(26)魔族の配下
囁きを運んできた風魔法の残滓を辿ると、案の定ダンジョンの方からだった。
寝ているラーニカを1人にはできない。だからといっていつ帰ってくるか分からないコーダンを待ってはいられない。
考えた末、あの下水道にあった土魔法のトラップを改良したものを仕掛けることにした。
勝手に部屋に入って来る不届き者は痛い目見れば逃げるだろうし、コーダンならきっと避けられるだろうし。
即席で組んだ魔法陣だったけど、思った以上にちゃんとできた。これならまた別のところでも使い道がありそうだ。
窓枠に足をかけ、相変わらずの人混みを見下ろしながら飛び出した。
騒ぎになるのも面倒なので、姿を消しながらの空中浮遊だ。
気の短いディーナンから送られてきた「早く」という追加の囁きを辿りながら、太すぎる枝の間をゆっくりと降りて行く。
最初は、人も沢山いたし私みたいに飛んでる冒険者もいたけど、降りていくうちにどんどん数が減って行った。

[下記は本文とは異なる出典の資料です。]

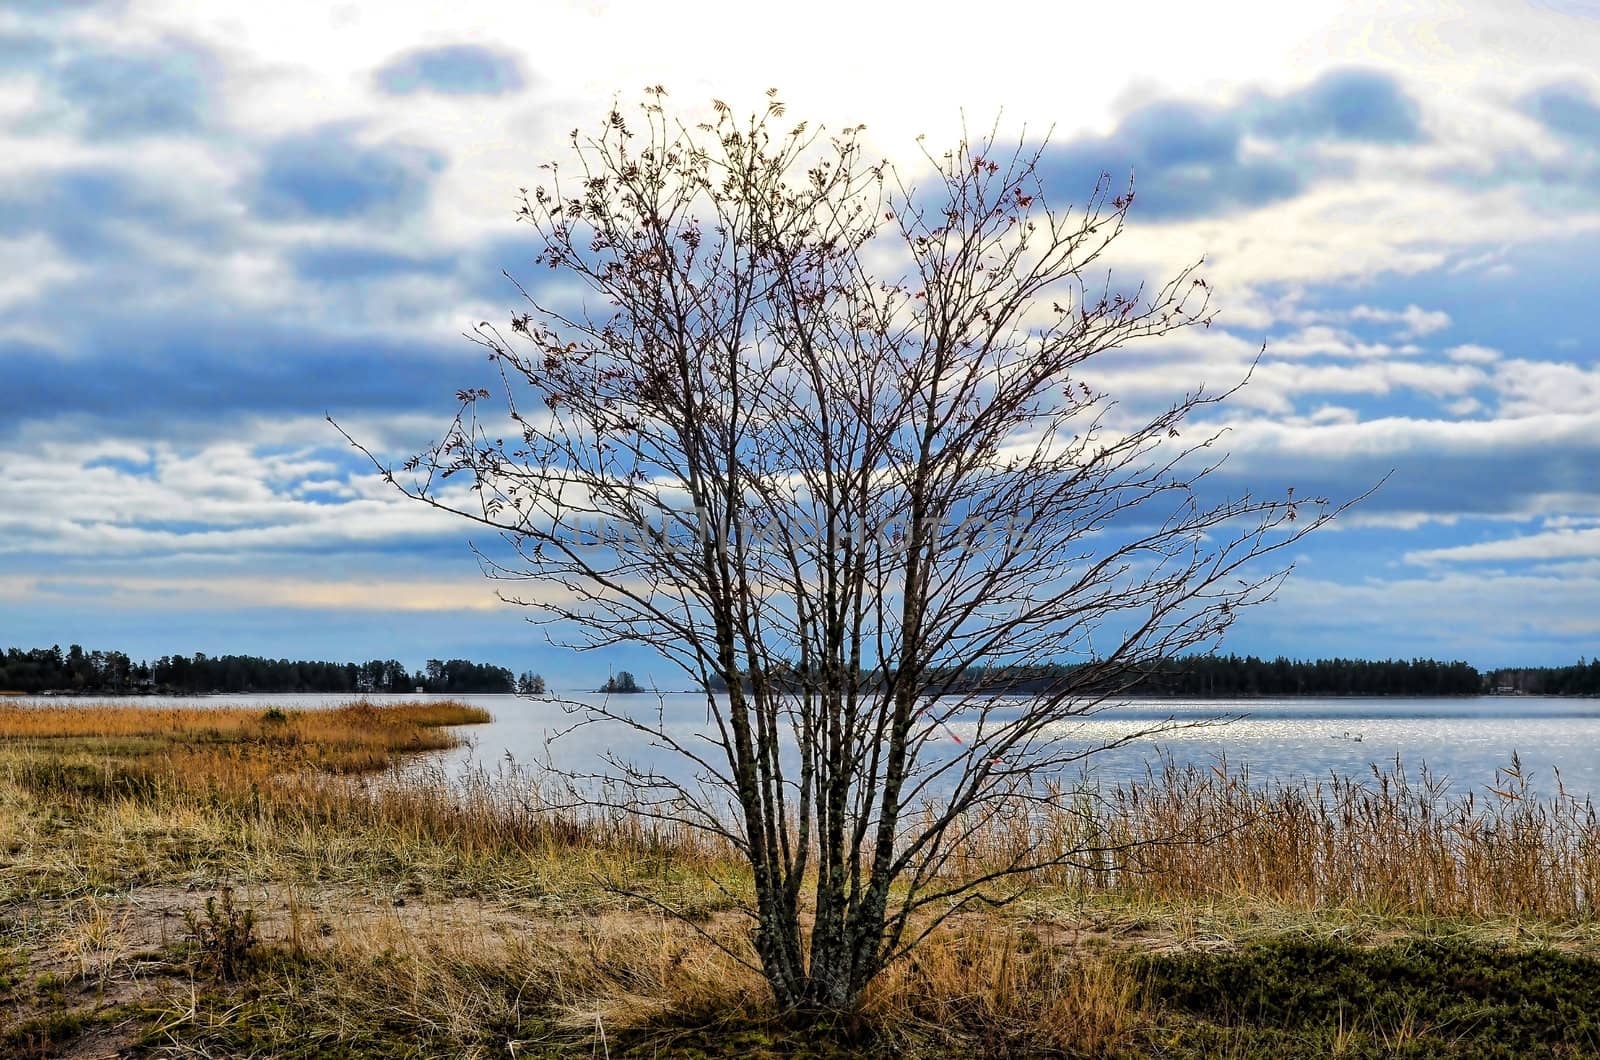 A tree in the archipelago, which has lost all leaves in the autumn time

枝が階層の役割を果たしているようだ。下に行くほどに漂う闇の魔力は濃くなるし、湧き出る魔獣も強くなっていっているようだったから、10階あたりになるともうほとんど人もいなくて・・・。
だいたい、13階あたりだろうか?
太すぎる枝の脇。ウロのような穴の奥に、ディーナンの魔力を感じた。
穴と言っても普通の家がすっぽりハマる大きさだ。しかも、中に入ると思った以上に明るかった。
地上の光は届くわけない。光源は青白く光る変な形の草だった。魔力を光に変えているようだけど、本にも載っていなかった知らない形の植物だ。
「遅いよ」
そう言うディーナンは、ホールのように開けた空間の入口に立っていた。
彼の後ろ、少し離れた所に魔族が6人。私が助けた子どももその中にいた。
「魔力はほとんど回復してる。残ってるとすれば心の傷、くらいかな」
軽薄な笑みを浮かべながら肩を竦めるディーナン。相変わらず何を考えてるのか分からない。
「ディーナンの配下には加えないの?」
「冗談キツイって」
「じゃあどうする気?」
魔族の問題はさすがに私にも分かりようがない。それにそもそも奴隷制度自体あるとは思っていなかったのだ。

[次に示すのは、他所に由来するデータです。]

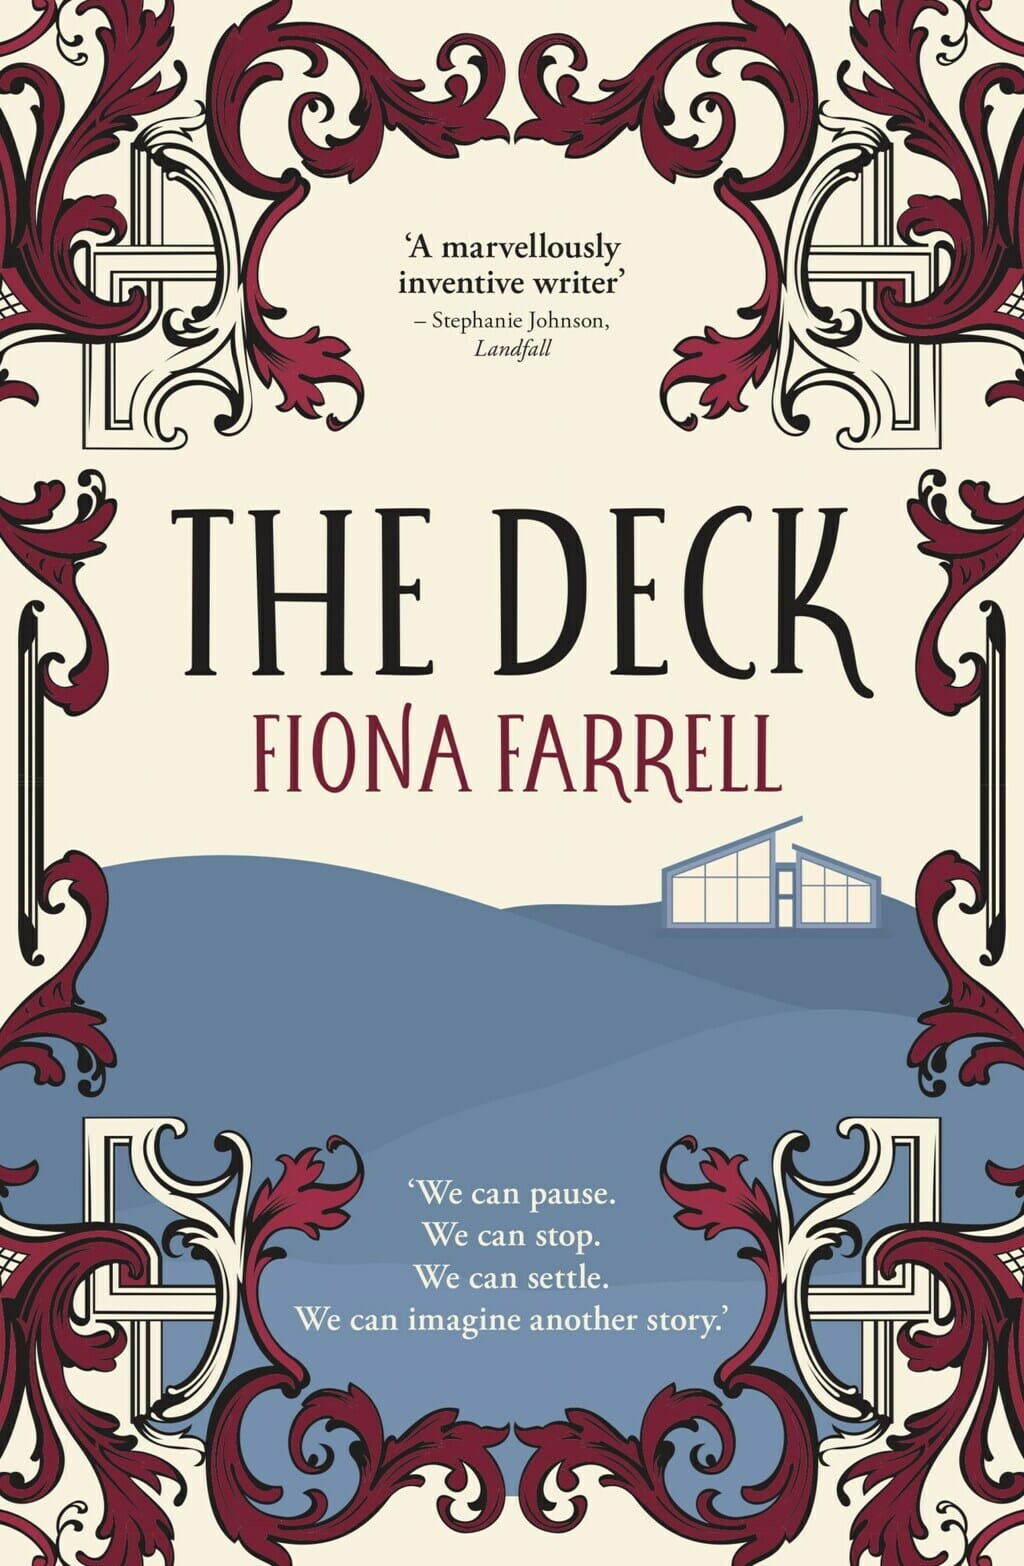 Woman+ Book Review: The Deck by Fiona Farrell

それに比べて、物知り顔のディーナンであれば打開策も考えていて、その上で彼らを助けたのだと、そう思っていたのに・・・。
「どうするのが良いと思う?」
そう呟いたディーナンは、とぼけている訳じゃなく本当に悩んでいるようだった。
「まさか何も考えてなかったの?」
「本当に勇者さまが動いてくれるとは思わなかったんだよ」
少し驚きだ。ディーナンってこうもっとどんな時も余裕で、なんでも上手くこなしてるイメージだったから、こんな風に困ったりするなんて。
でも、そんな困った顔されても私にはどうしようもあるわけがないのだ。
「どっちにしても魔族の土地には返さないといけないんだろ?」
「そりゃあそうだけど・・・」
ダンジョン内であれば魔族が生きるのに必要な闇の魔力も沸いてはいる。けど、お父様のように強い冒険者がダンジョン攻略に乗り出せば彼らは討伐されてしまうかもしれないし、それを考えればずっとここにいるわけにはいかないのだ。
ディーナンはチラッと後ろを振り返り、また視線をこちらに戻す。
困ったような顔に、軽薄な笑みを取り繕ってからゆっくりと口を開いた。
「勇者さまの配下にしてくれない?」
「え?」
一瞬、自分の耳を疑った。何でここで私が出てくるんだ。
「僕人間なんだけど」
「別に人間が魔族を配下にしちゃ駄目ってことはないよ」
「そういう問題じゃないだろ」
ふざけたような口調だけど、冗談ではなさそうだ。
だからこそ、意味が分からない。
「なんで僕なんだよ。そこはディーナンだろ」
「勇者さまほど強ければあいつらも喜ぶと思うんだけどなぁ」
「ディーナンだって強いだろ」
闇の魔力を他の魔力に変換している私は、魔力の総量がどんなに増えようとラーニカのような火力は出ない。魔力変換にはどうしても限界があるせいだ。
それを考えると、複数の魔力を持ちそこそこ魔力量があり、かつ繊細な魔力操作が可能なディーナンは明らかに私より強いはずなのだ。
しかもその差は、私が一生をかけようと覆らない程度にはある。
「ディーナンの配下でも喜ぶんじゃないの?」
「俺は駄目だ」
私にしか聞かせたくないように、ディーナンは小さく呟いた。